**SUPPLIED MATERIAL:**
--*--

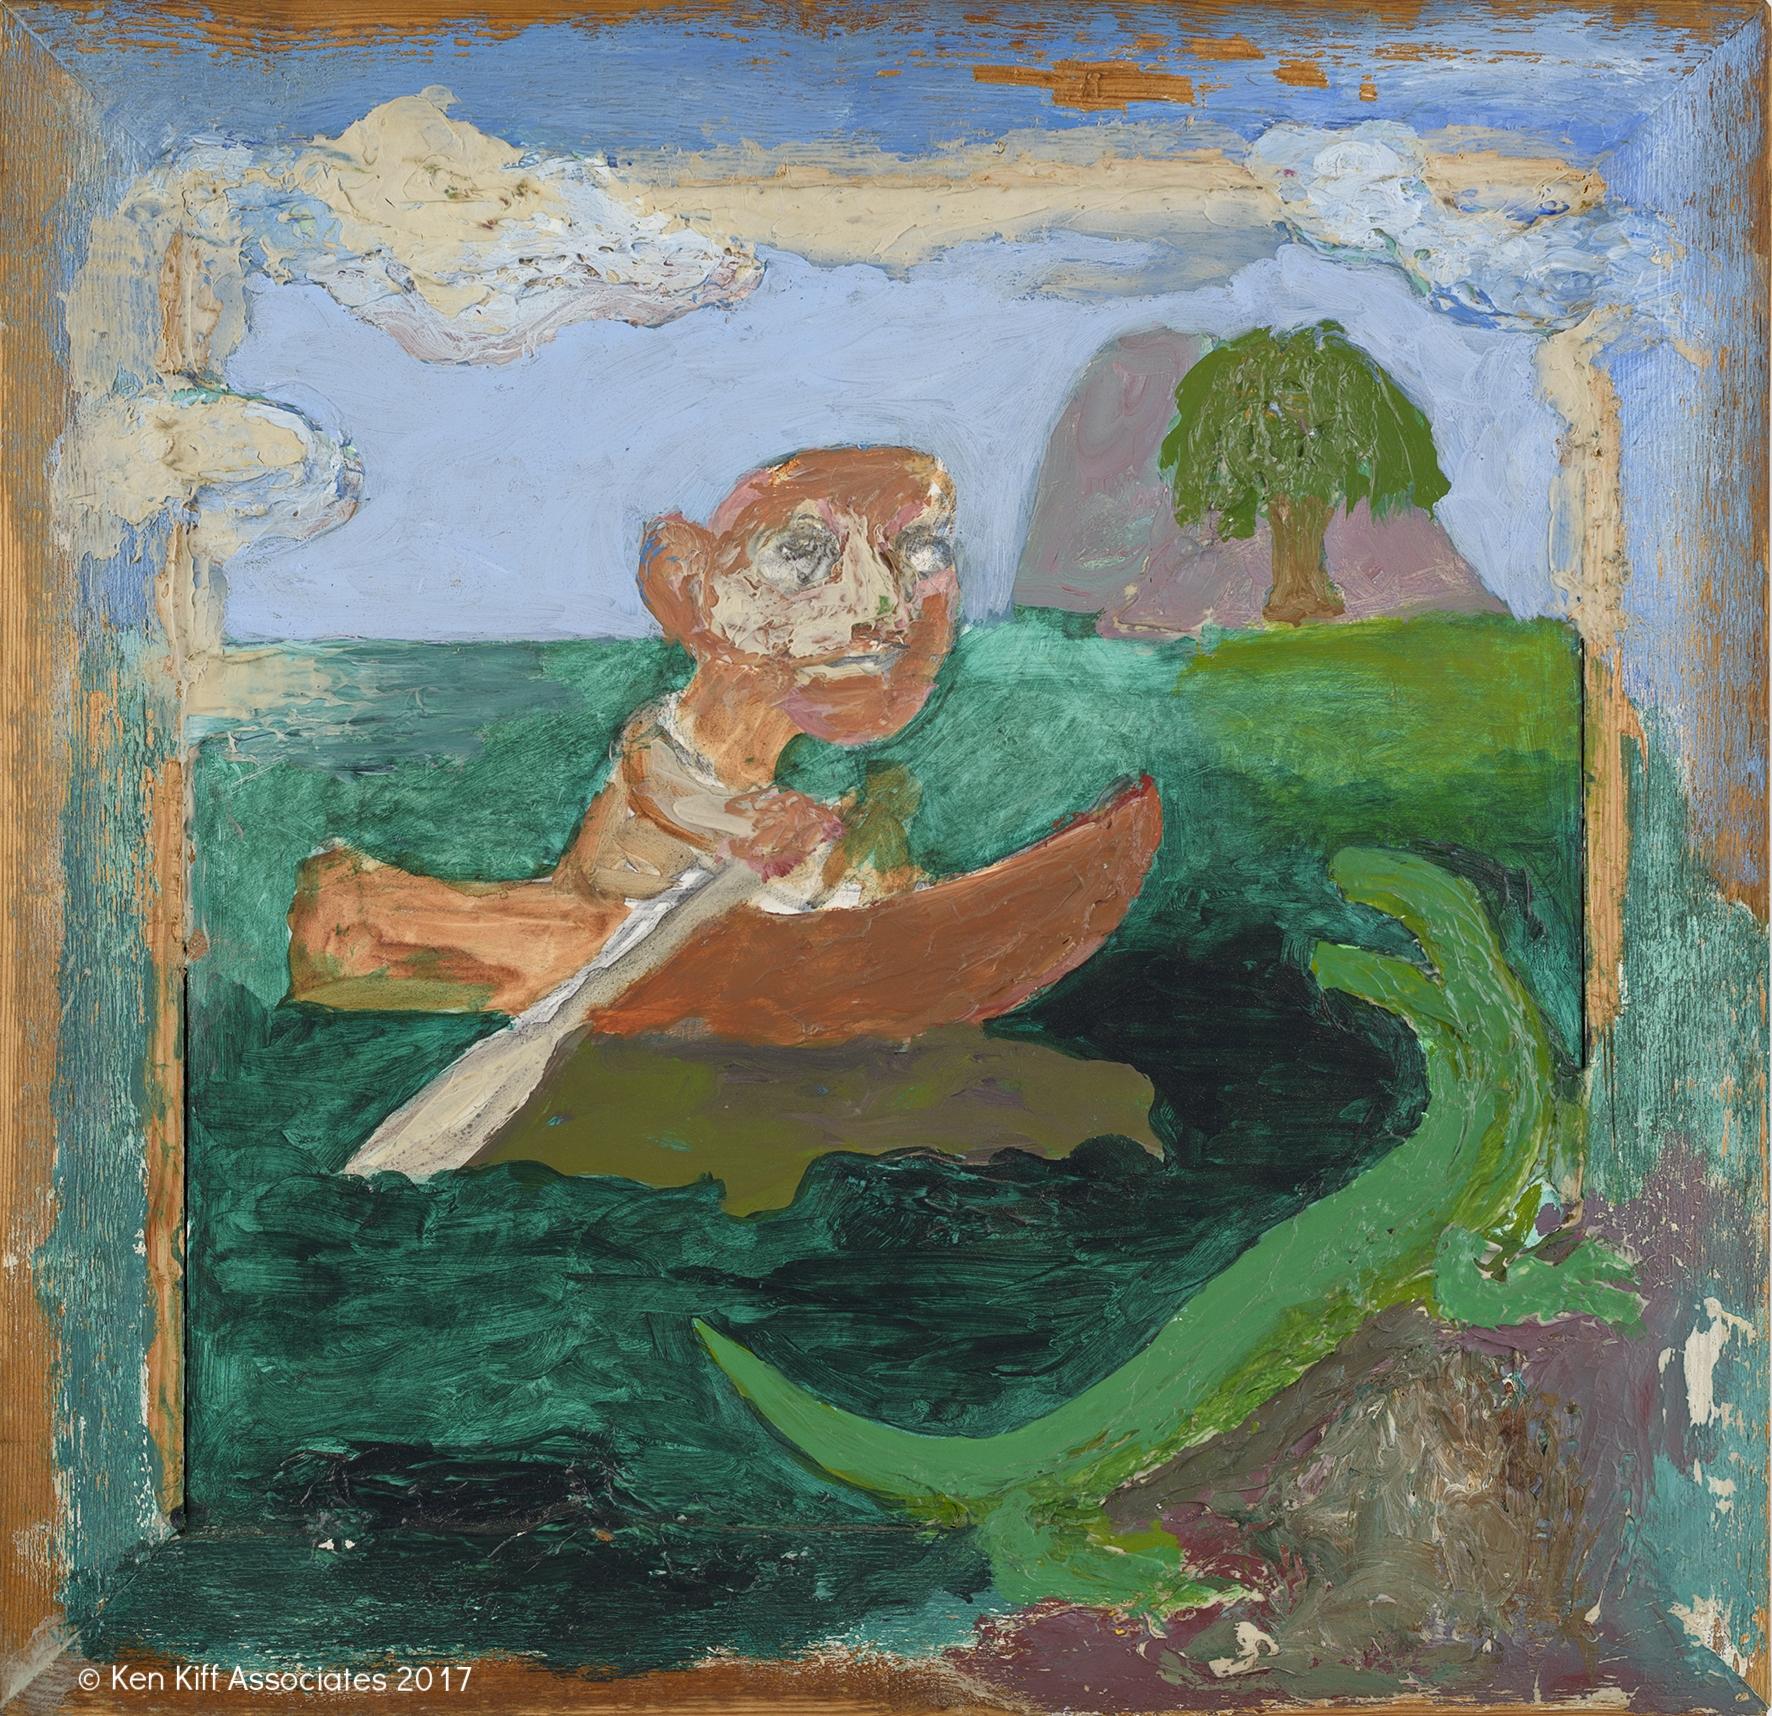 Ken Kiff - Man, Boat and Lizard
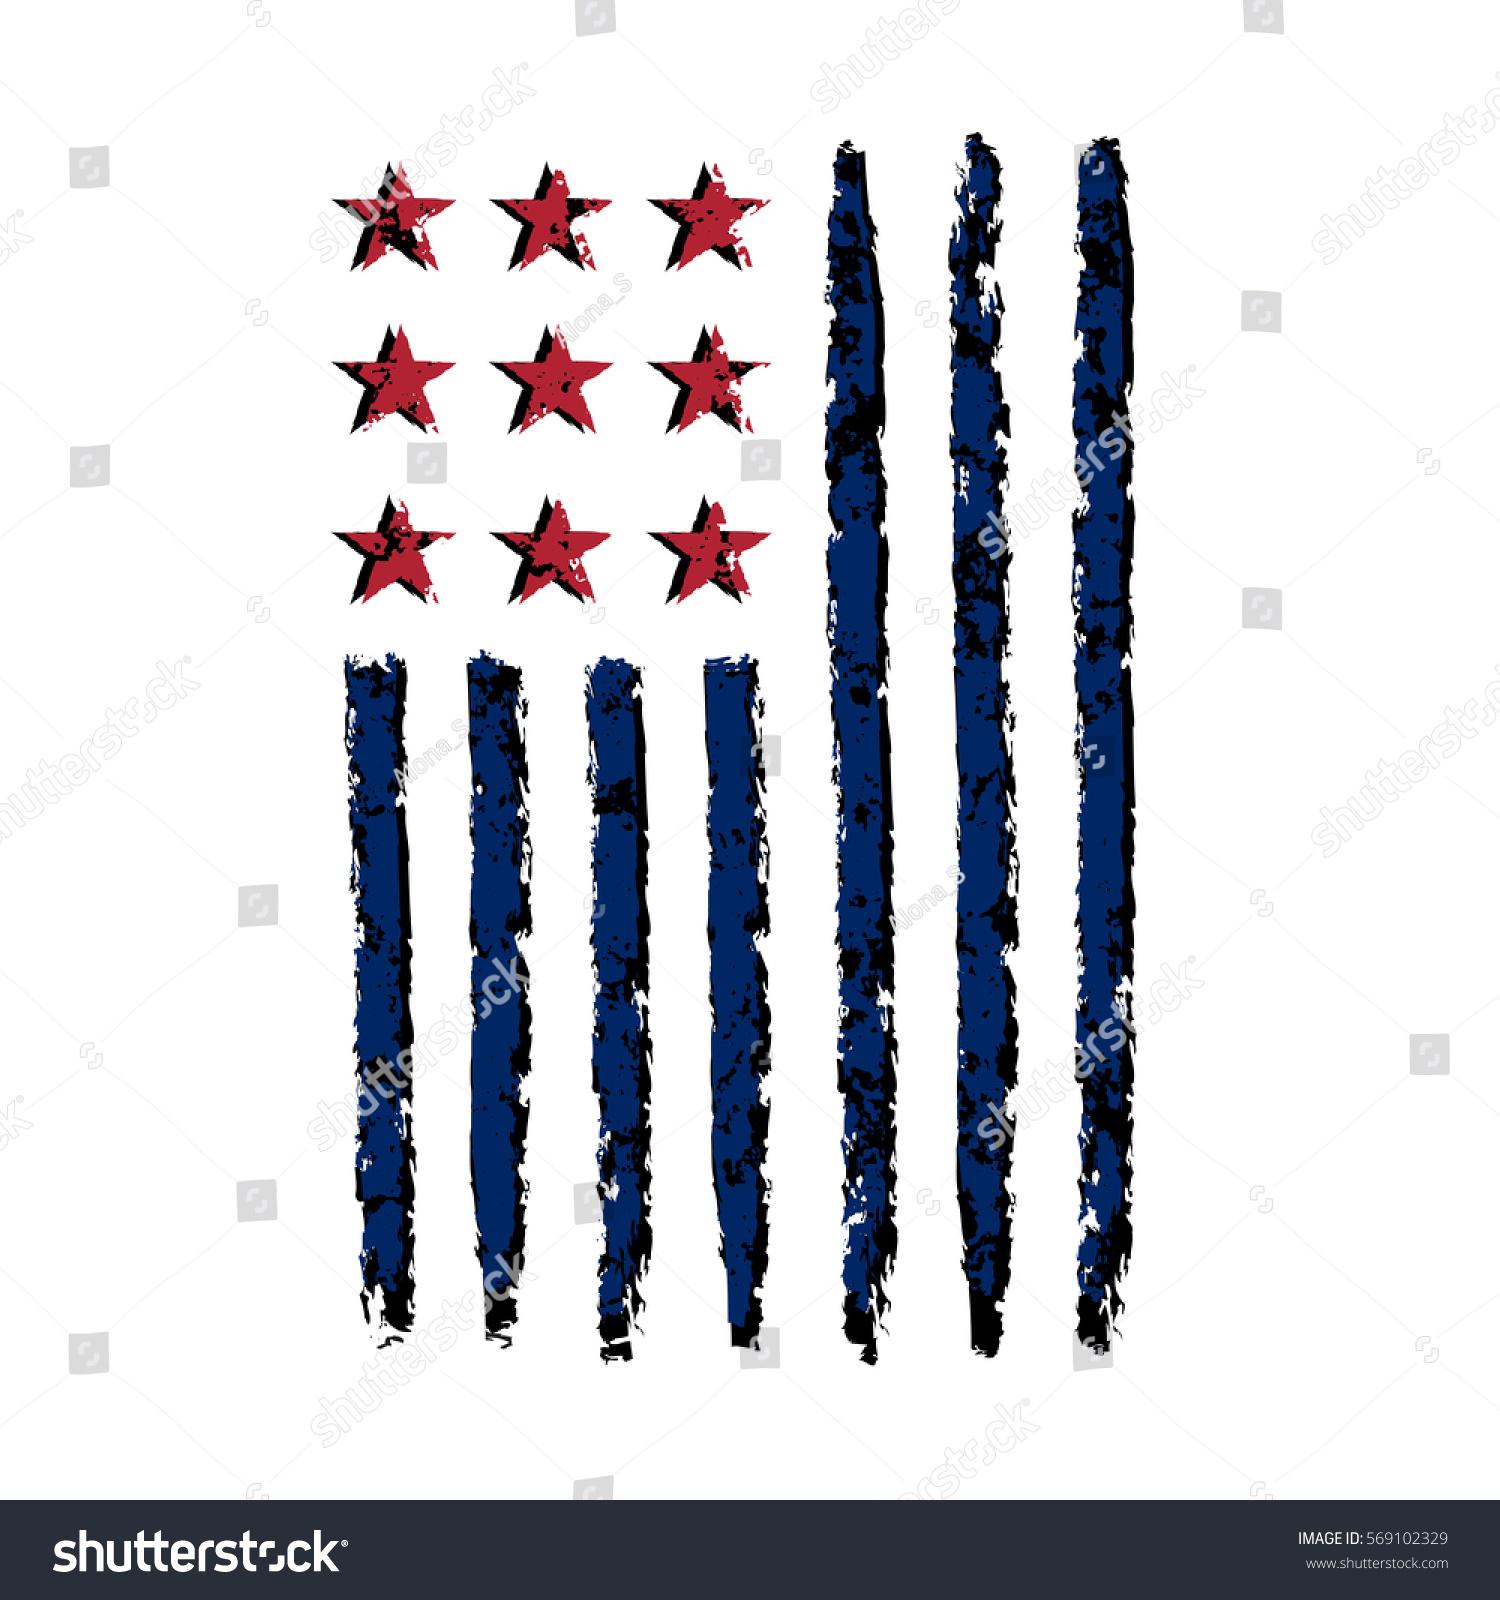 American flag grunge symbol 4th july stock illustration 569102329 american flag grunge symbol for 4th july independence day celebration patriotic typography graphics biocorpaavc
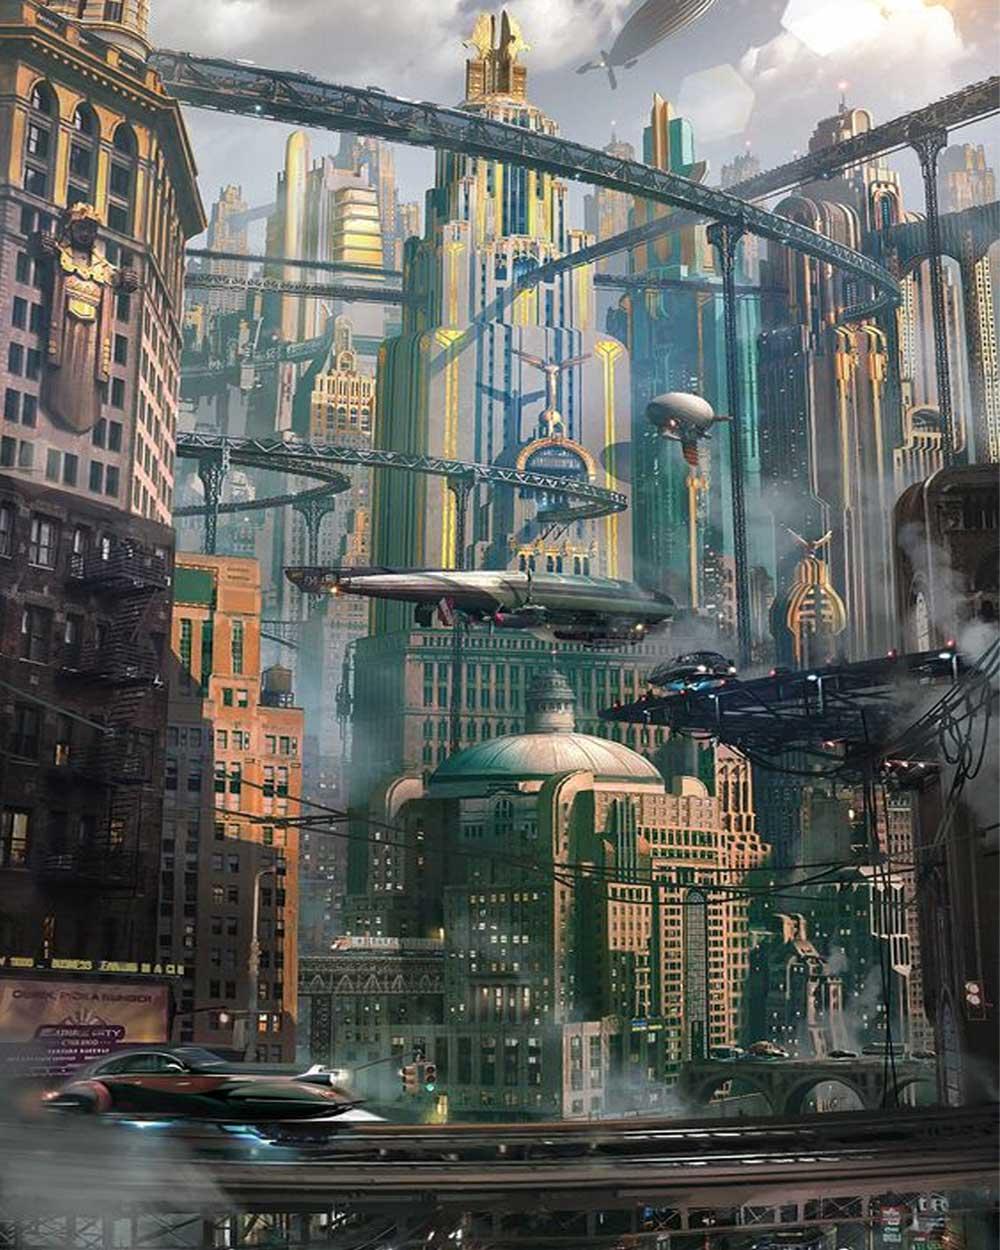 Pre-post apocalyptic retro futurism aesthetic

--*--

**EXERCISE AIM:** Leaving every picture out, repeat each line of the material exactly.

**EXERCISE OUTPUT:**
 Ken Kiff - Man, Boat and Lizard
 American flag grunge symbol 4th july stock illustration 569102329 american flag grunge symbol for 4th july independence day celebration patriotic typography graphics biocorpaavc
 Pre-post apocalyptic retro futurism aesthetic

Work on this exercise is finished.